Ds started Singapore's Discovering Mathematics yesterday. The book states that "to determine whether a number is prime, we can check if it is divisible by prime numbers less than the given number."

 

Then one of the problems is:

 

Determine whether the following numbers are prime numbers. (a) 103, (b) 229, © 817.

 

I did not have my ds do this, because it seems it would take forever to figure that out if you have to try to divide the number by all primes less than that number. It seems like it would take forever just to find the primes less than those numbers. I read in the teacher manual something about that you really only need to divide by primes less than the square root of the number, which makes sense, but then you are stuck figuring out the square root of 817 (and we haven't done those yet, this is the first lesson in the book).

 

The rest of the lesson is on prime factorisation and index notation, and that all went really well.

 

Is it a crucial skill to be able to determine if a larger number is prime?

 

Thank you!

[nmoira]

I read in the teacher manual something about that you really only need to divide by primes less than the square root of the number, which makes sense, but then you are stuck figuring out the square root of 817 (and we haven't done those yet, this is the first lesson in the book).

Or you could just use 30^2=900 as a starting point. 29^2 is too big, 28^2 is too small.... so check all primes less than 28.

 

I think it's a useful skill, especially if you don't have a calculator that can factor numbers.

[LanaTron]

Okay, that makes the task seem more manageable; I don't know why I didn't figure that out.
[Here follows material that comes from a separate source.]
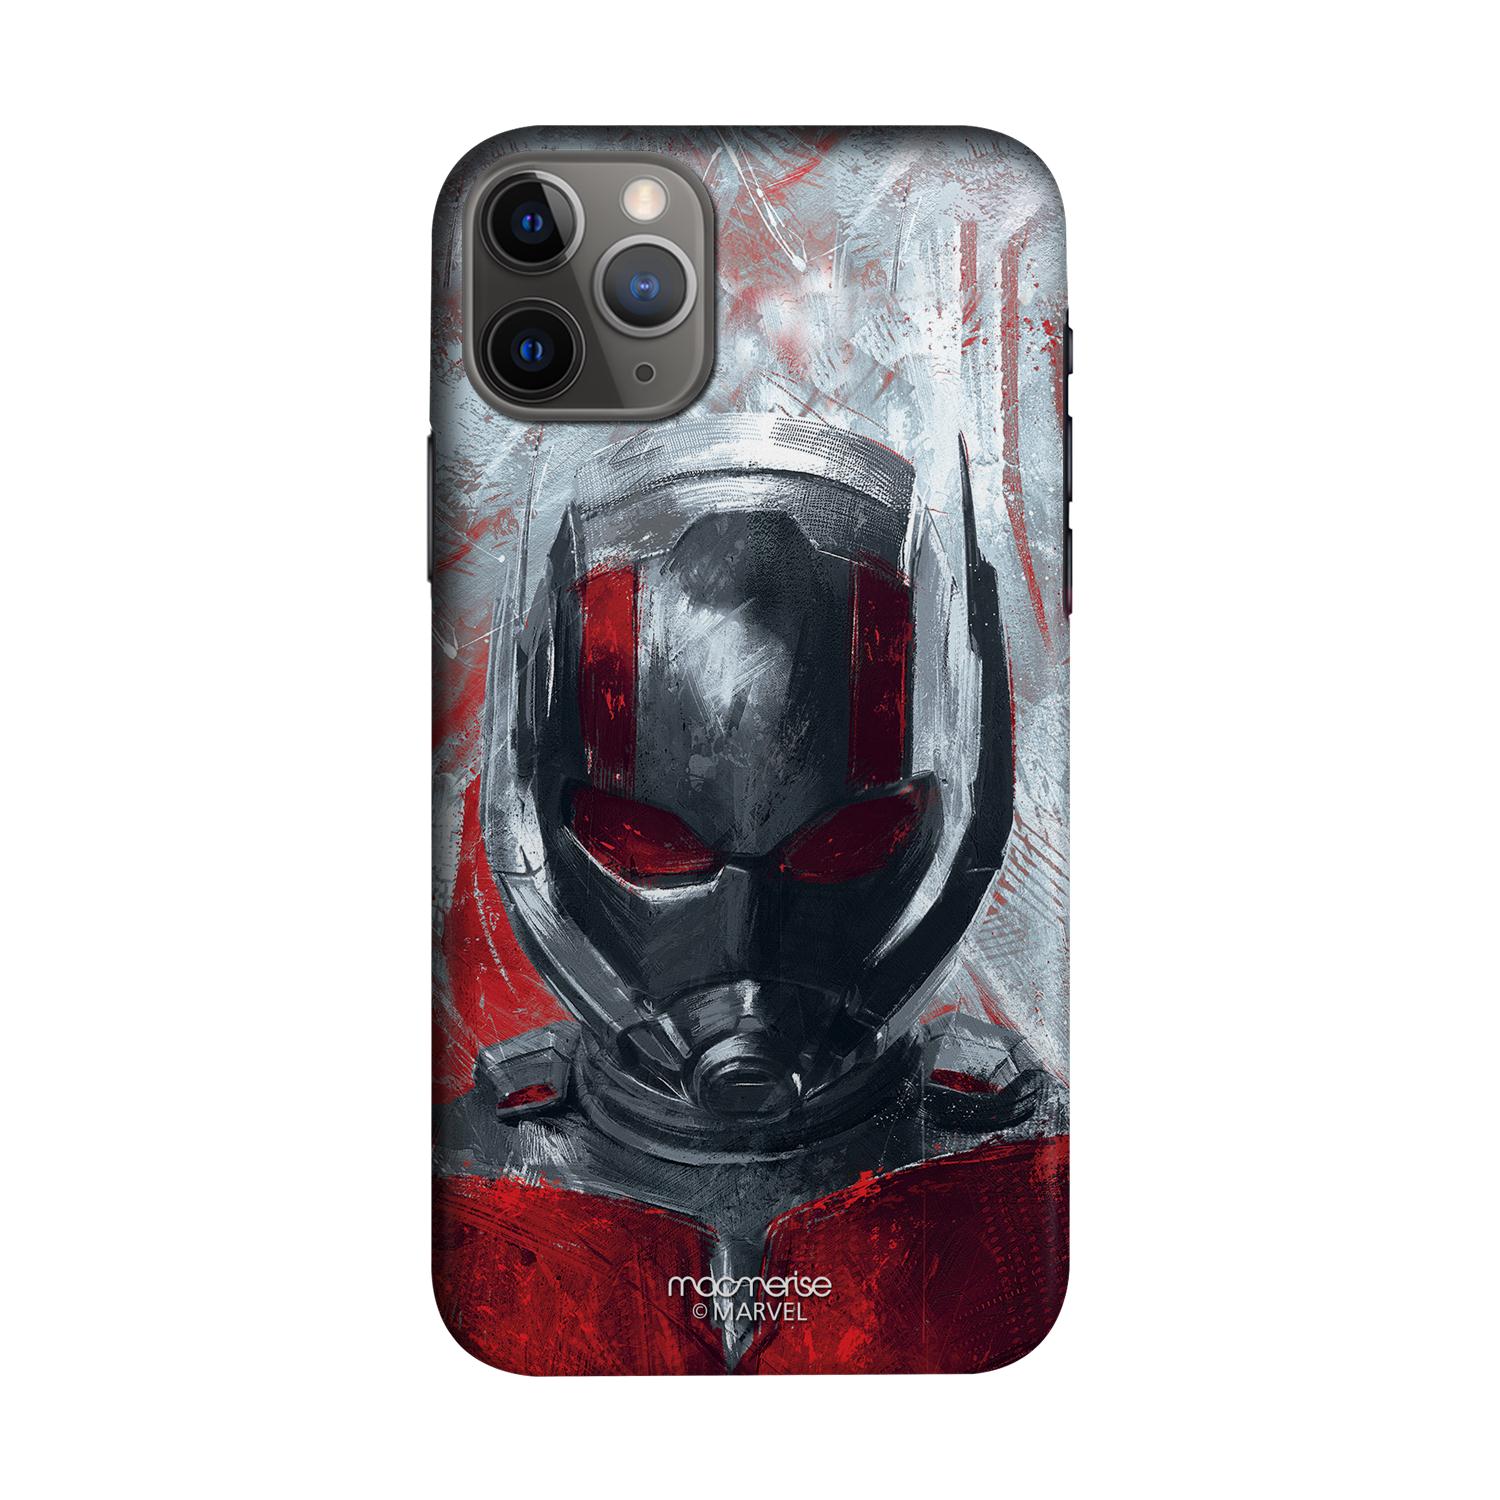 Buy Charcoal Art Antman - Sleek Phone Case for iPhone 11 Pro Max Online

Thanks.

[8filltheheart]

There is a faster way. There are very simple ways to determine of the numbers are divisible by 2,3,5,7, and 11. (There are rules for all the prime numbers under 50, but if you know the easiest ones, then I think that trial and error isn't that big of a deal with the larger #s.)

 

A number is divisible by 2 if its last digit is also (i.e. 0,2,4,6 or 8).

 

A number is divisible by 3 if the sum of its digits is also. Example: 534: 5+3+4=12 and 1+2=3 so 534 is divisible by 3.

 

A number is divisible by 5 if the last digit is 5 or 0.

 

Test for divisibility by 7. Double the last digit and subtract it from the remaining leading truncated number. If the result is divisible by 7, then so was the original number. Apply this rule over and over again as necessary. Example: 826. Twice 6 is 12. So take 12 from the truncated 82. Now 82-12=70. This is divisible by 7, so 826 is divisible by 7 also.

 

Test for divisibility by 11. Subtract the last digit from the remaining leading truncated number. If the result is divisible by 11, then so was the first number. Apply this rule over and over again as necessary.

Example: 19151--> 1915-1 =1914 -->191-4=187 -->18-7=11, so yes, 19151 is divisible by 11.

 

 

I simply pasted these from http://home.egge.net/~savory/maths1.htm

[Jackie in AR]

I simply pasted these from http://home.egge.net/~savory/maths1.htm

 

Thanks for the link!

[LanaTron]

Thanks! We knew the 2 & 5, and ds knew the 3 rule from LoF...thanks for the others, that simplifies even more.